Every line of the material is to be transcribed verbatim, with images omitted.

## EXERCISE DATA
-------

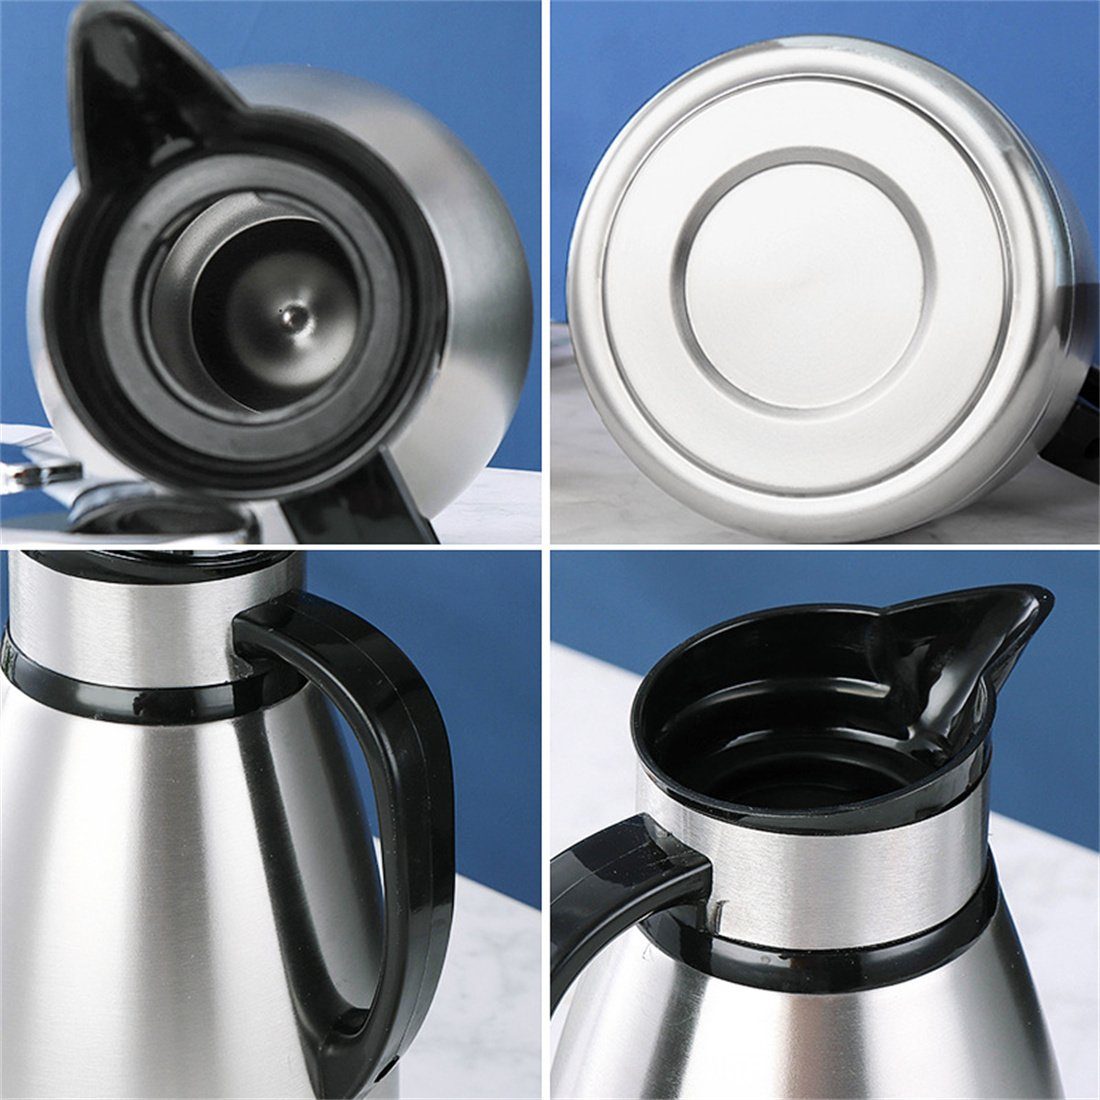 Kaffeemaschine, Isolierkanne B DÖRÖY Edelstahl, Vakuum-Wasserkocher, l Thermoskanne aus 2.0
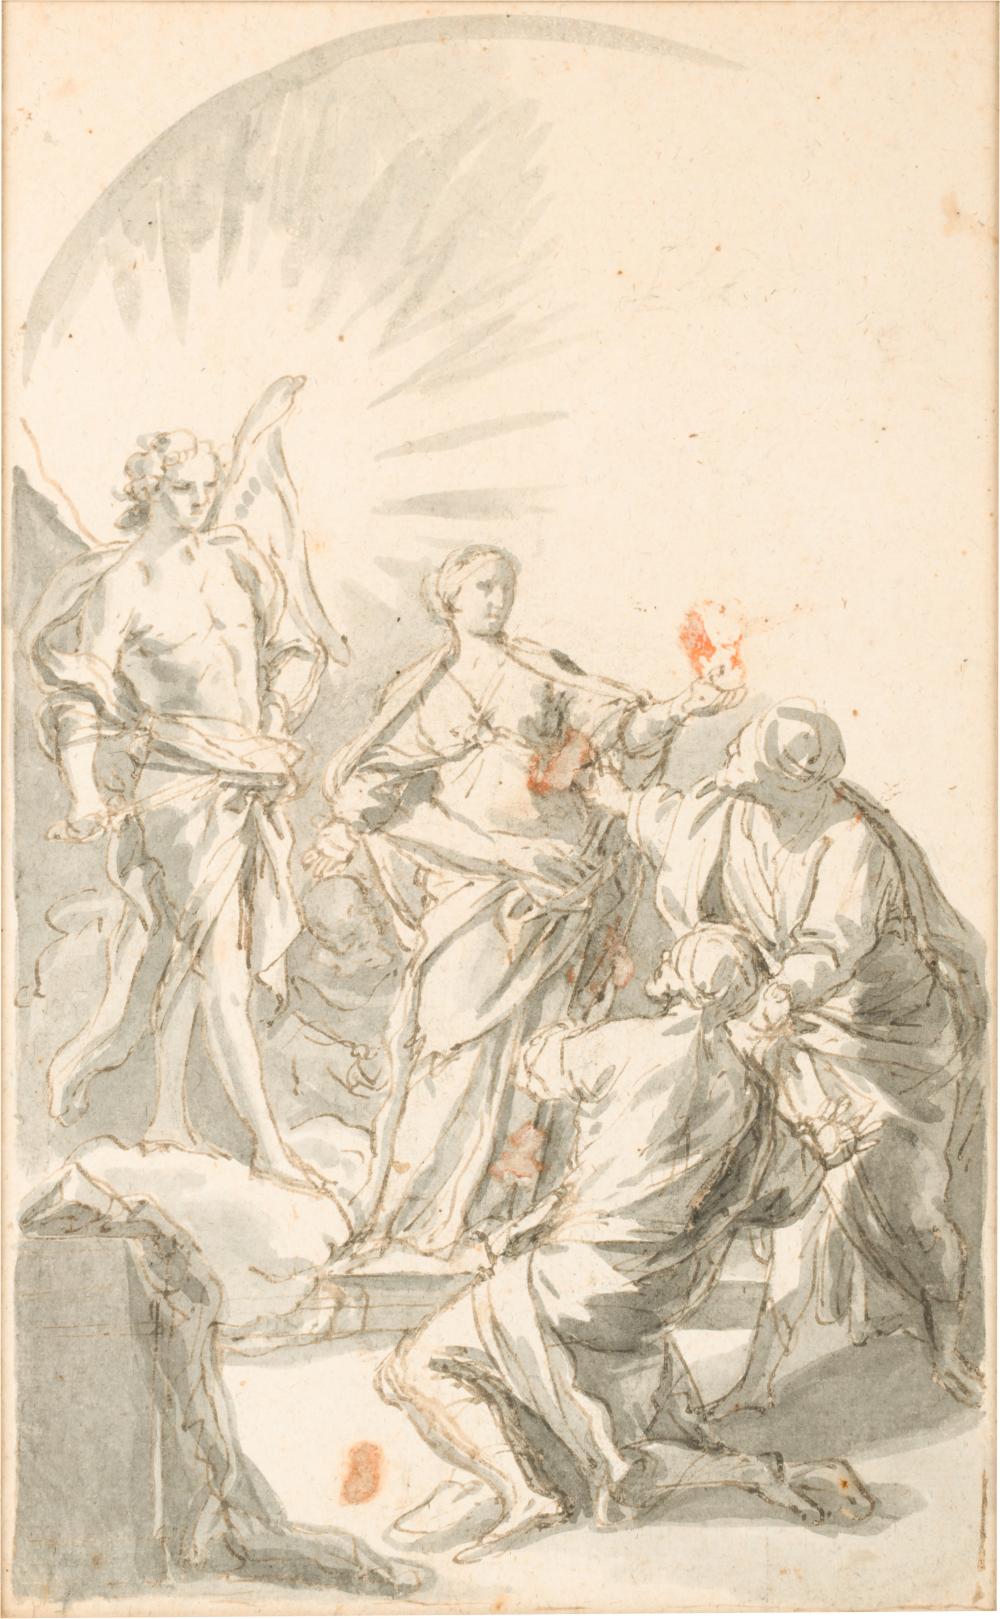 FRANCESCO SOLIMENA, ITALIAN 1657-1747,
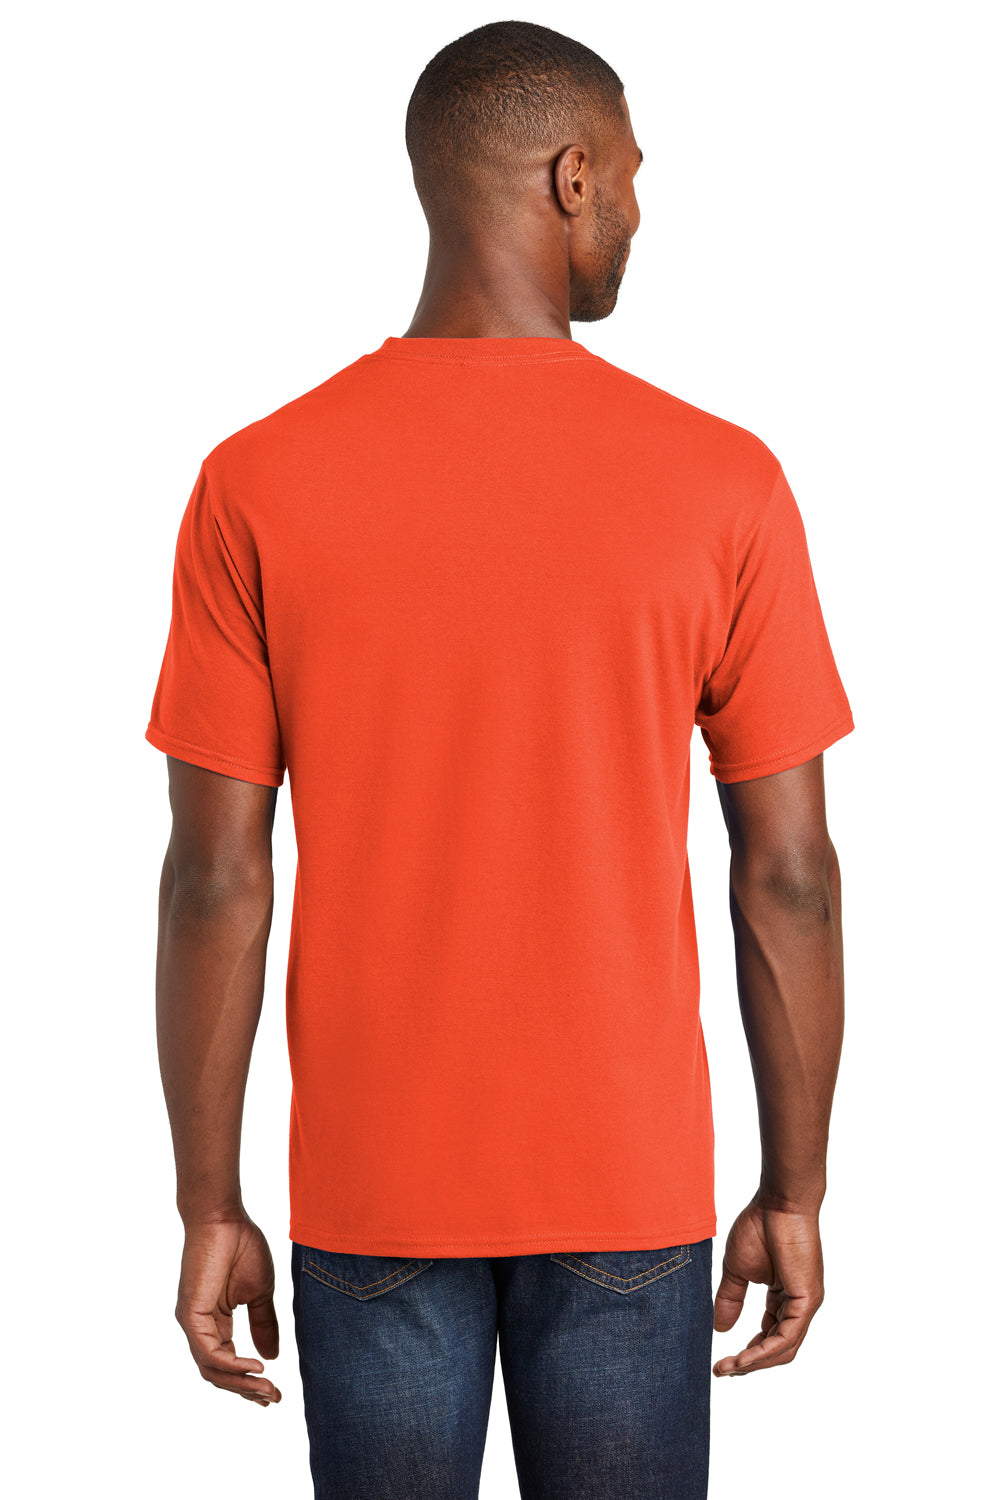 Port & Company PC450 Mens Fan Favorite Short Sleeve Crewneck T-Shirt Orange Back

-------

## TASK RESPONSE
 Kaffeemaschine, Isolierkanne B DÖRÖY Edelstahl, Vakuum-Wasserkocher, l Thermoskanne aus 2.0
 FRANCESCO SOLIMENA, ITALIAN 1657-1747,
 Port & Company PC450 Mens Fan Favorite Short Sleeve Crewneck T-Shirt Orange Back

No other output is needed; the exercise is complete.